Work request: Your answer must be an exact copy of the listing, with the images left out.

Data shown:
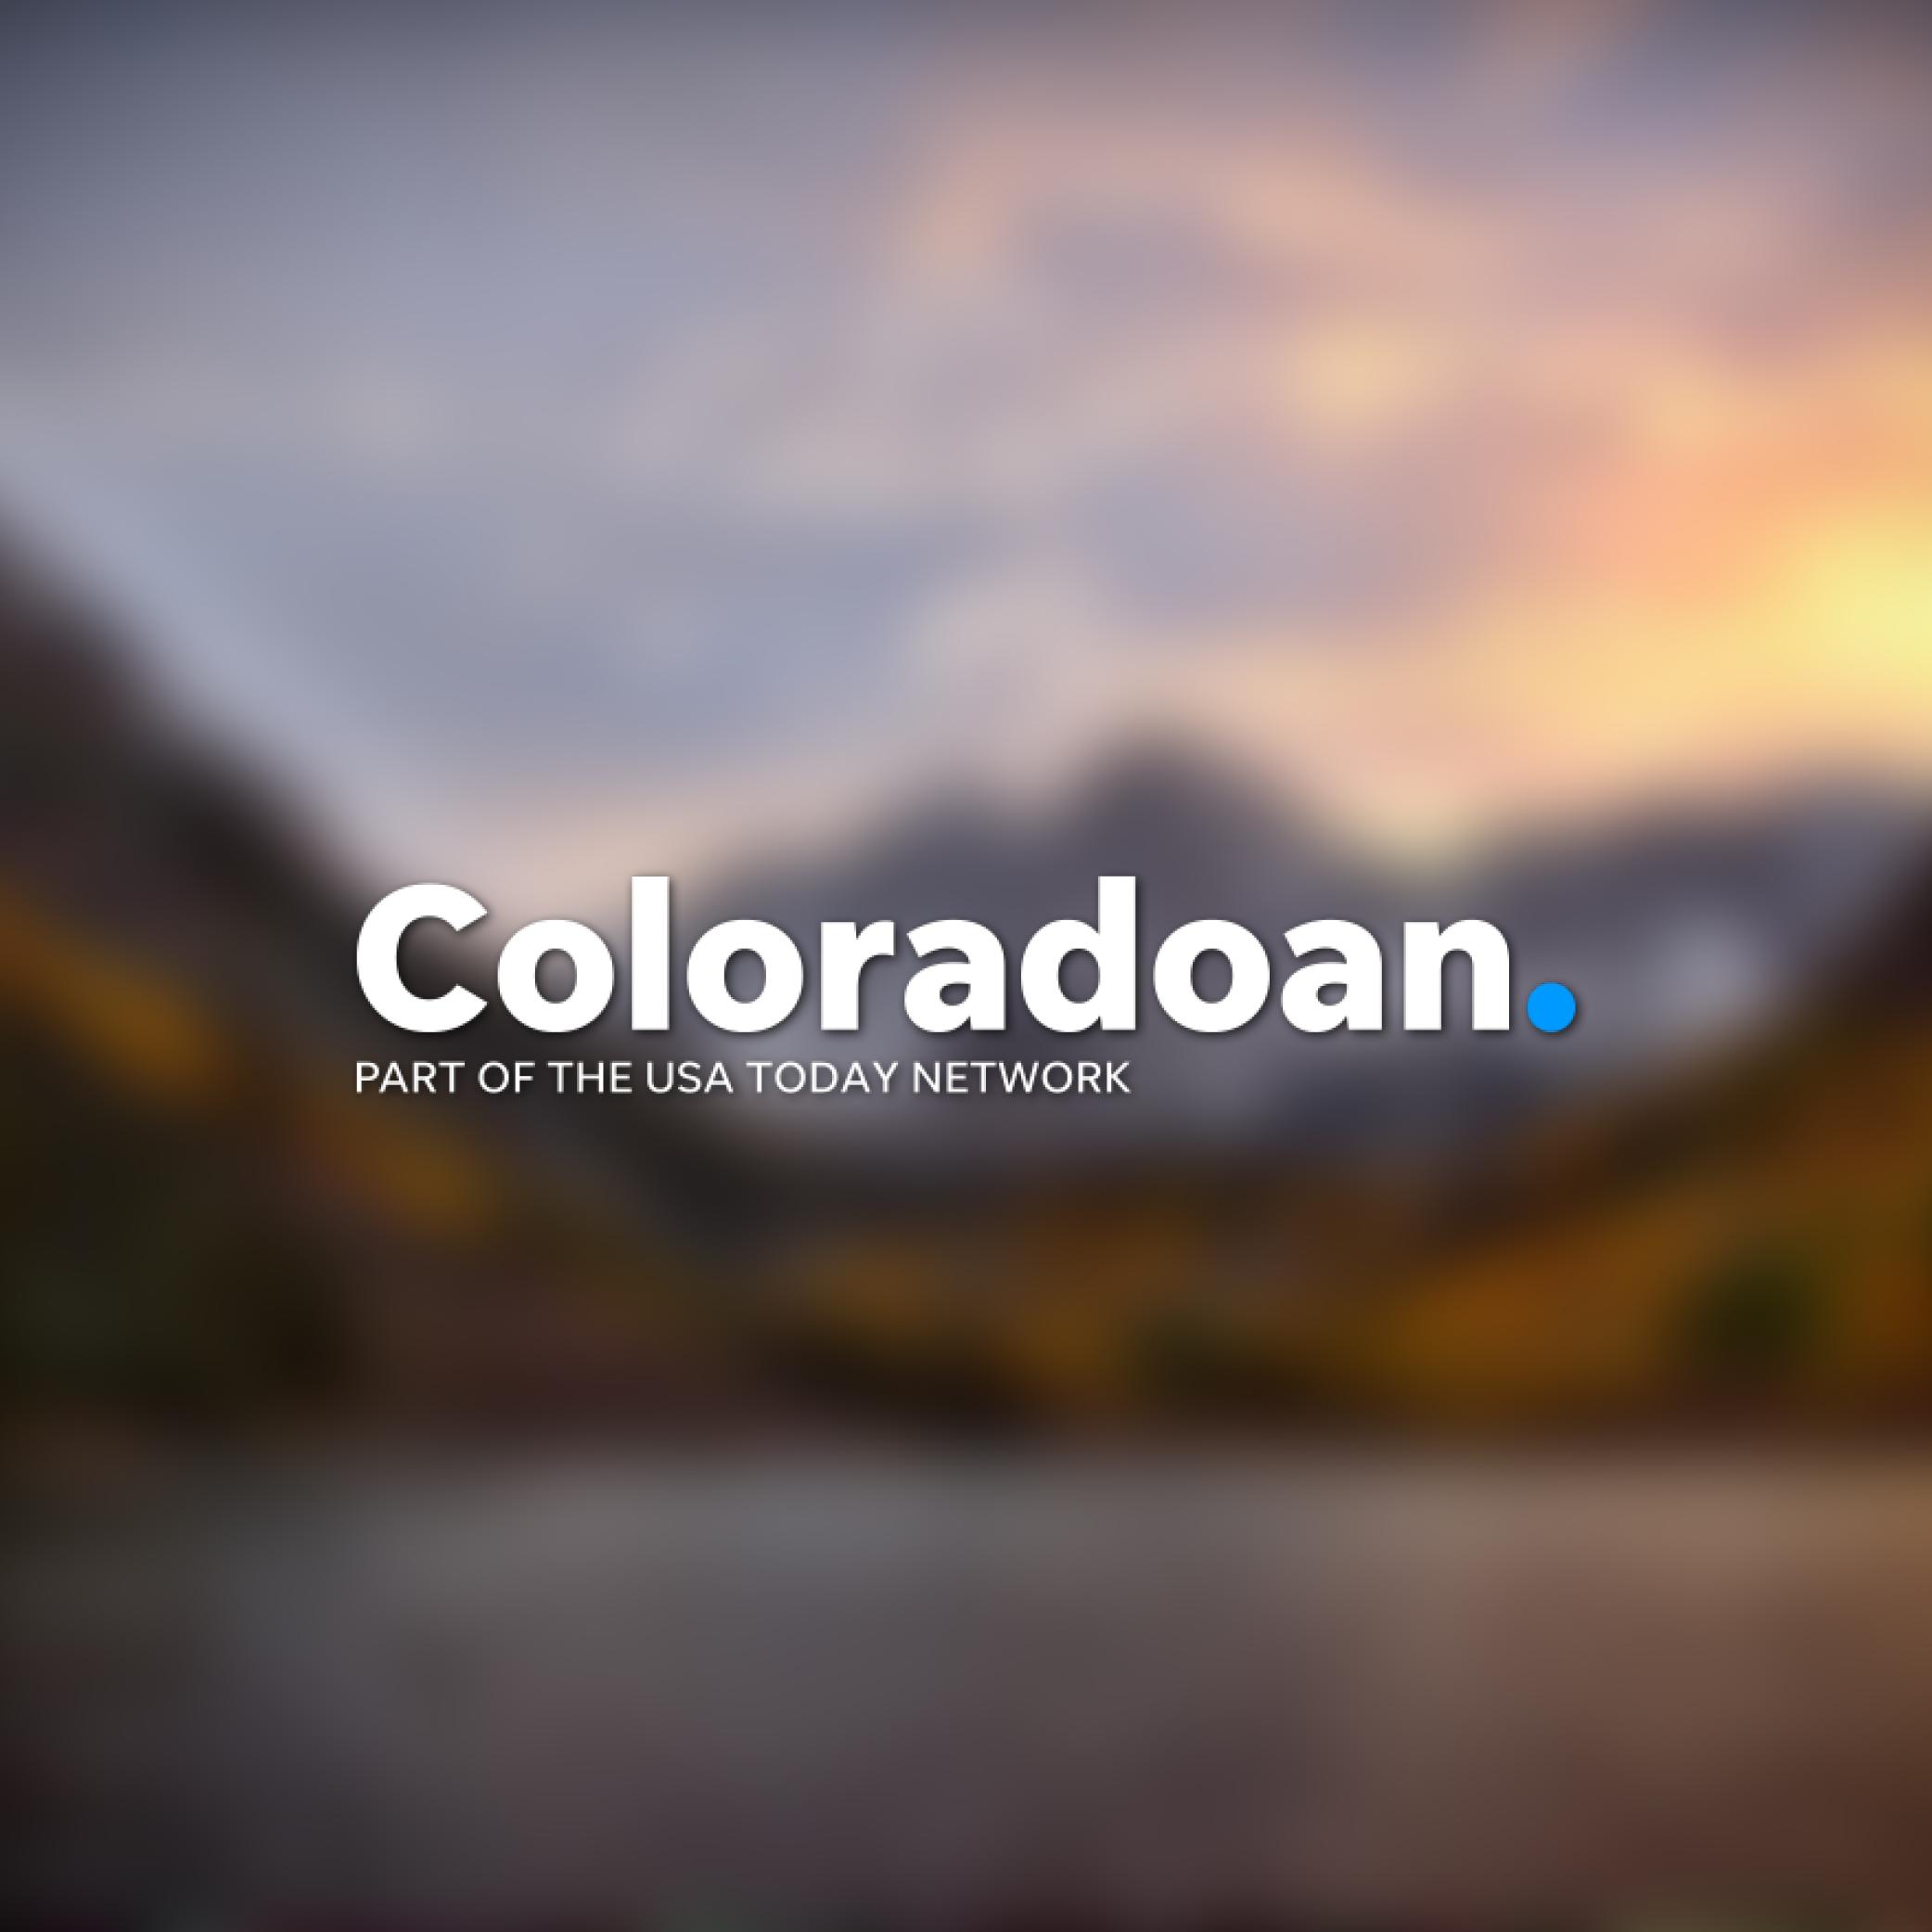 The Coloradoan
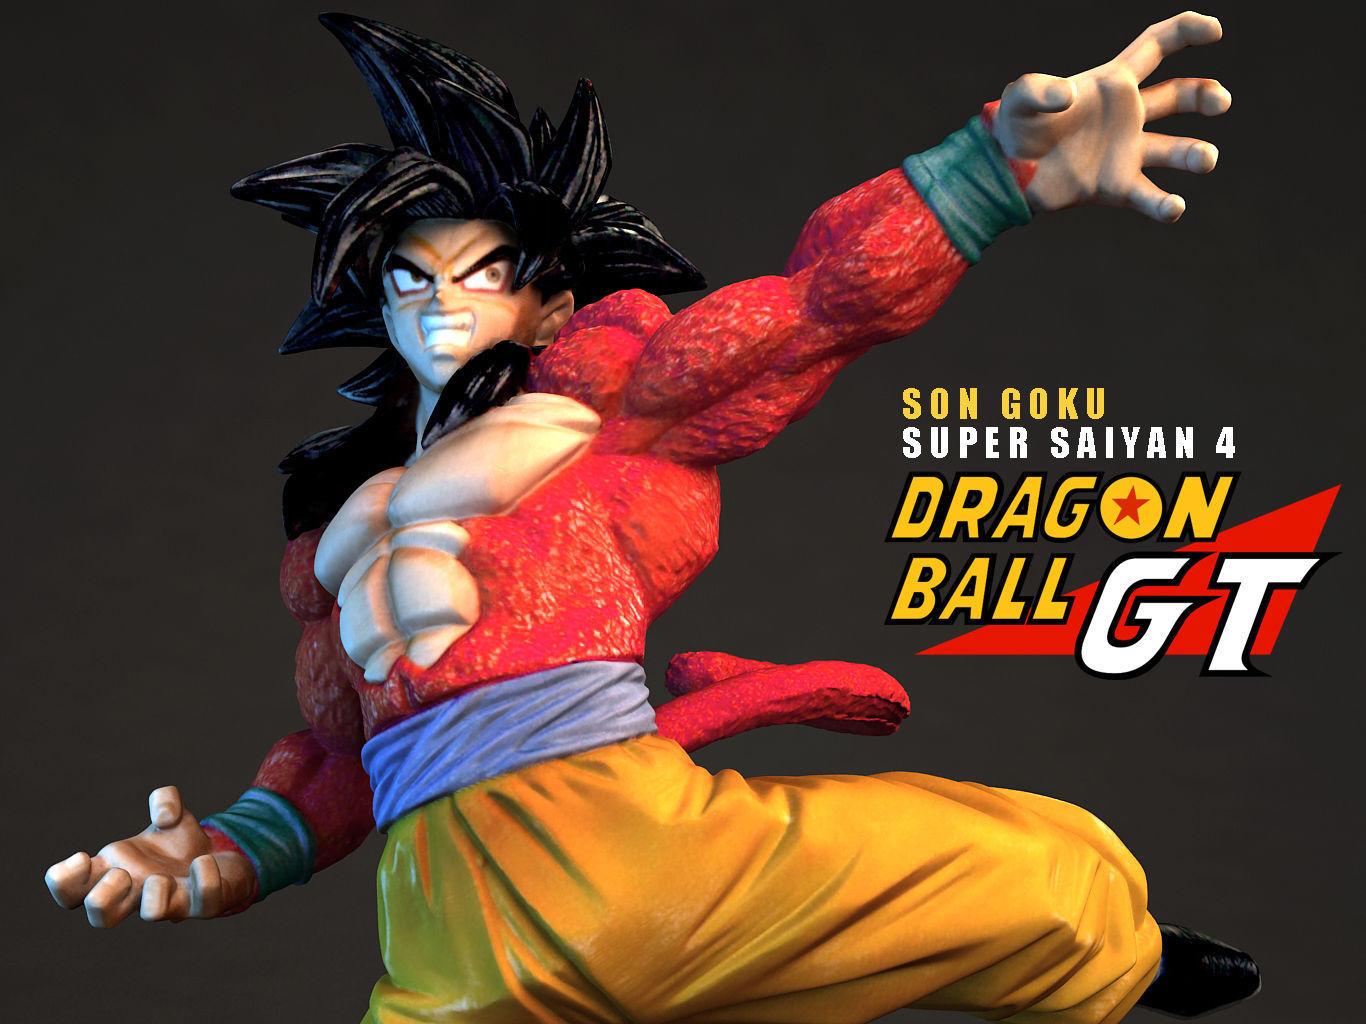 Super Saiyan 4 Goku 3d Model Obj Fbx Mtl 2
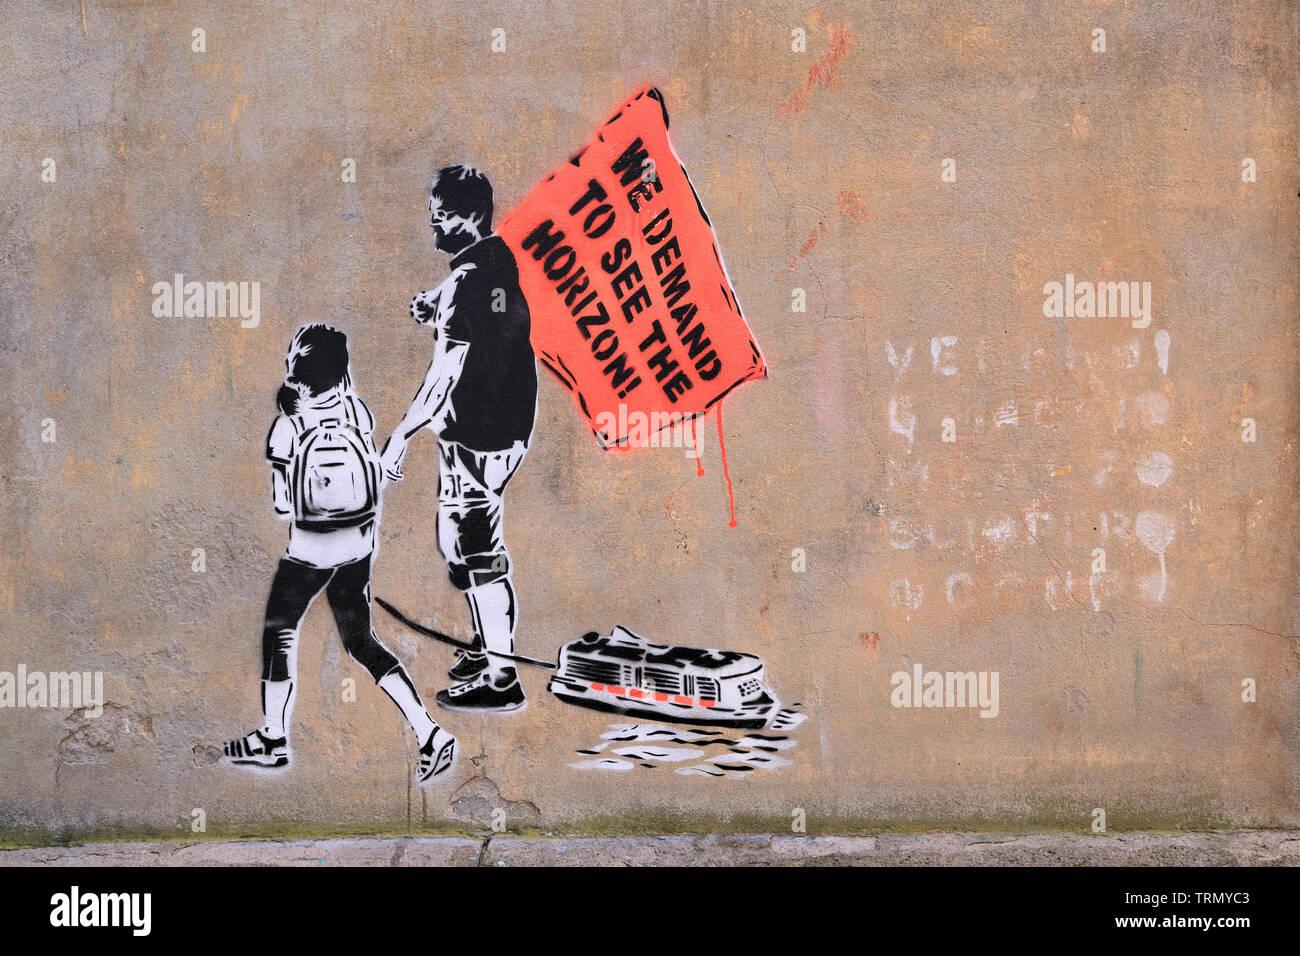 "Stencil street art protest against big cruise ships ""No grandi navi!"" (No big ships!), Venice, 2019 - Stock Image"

Response to this exercise:
 The Coloradoan
 Super Saiyan 4 Goku 3d Model Obj Fbx Mtl 2
 "Stencil street art protest against big cruise ships ""No grandi navi!"" (No big ships!), Venice, 2019 - Stock Image"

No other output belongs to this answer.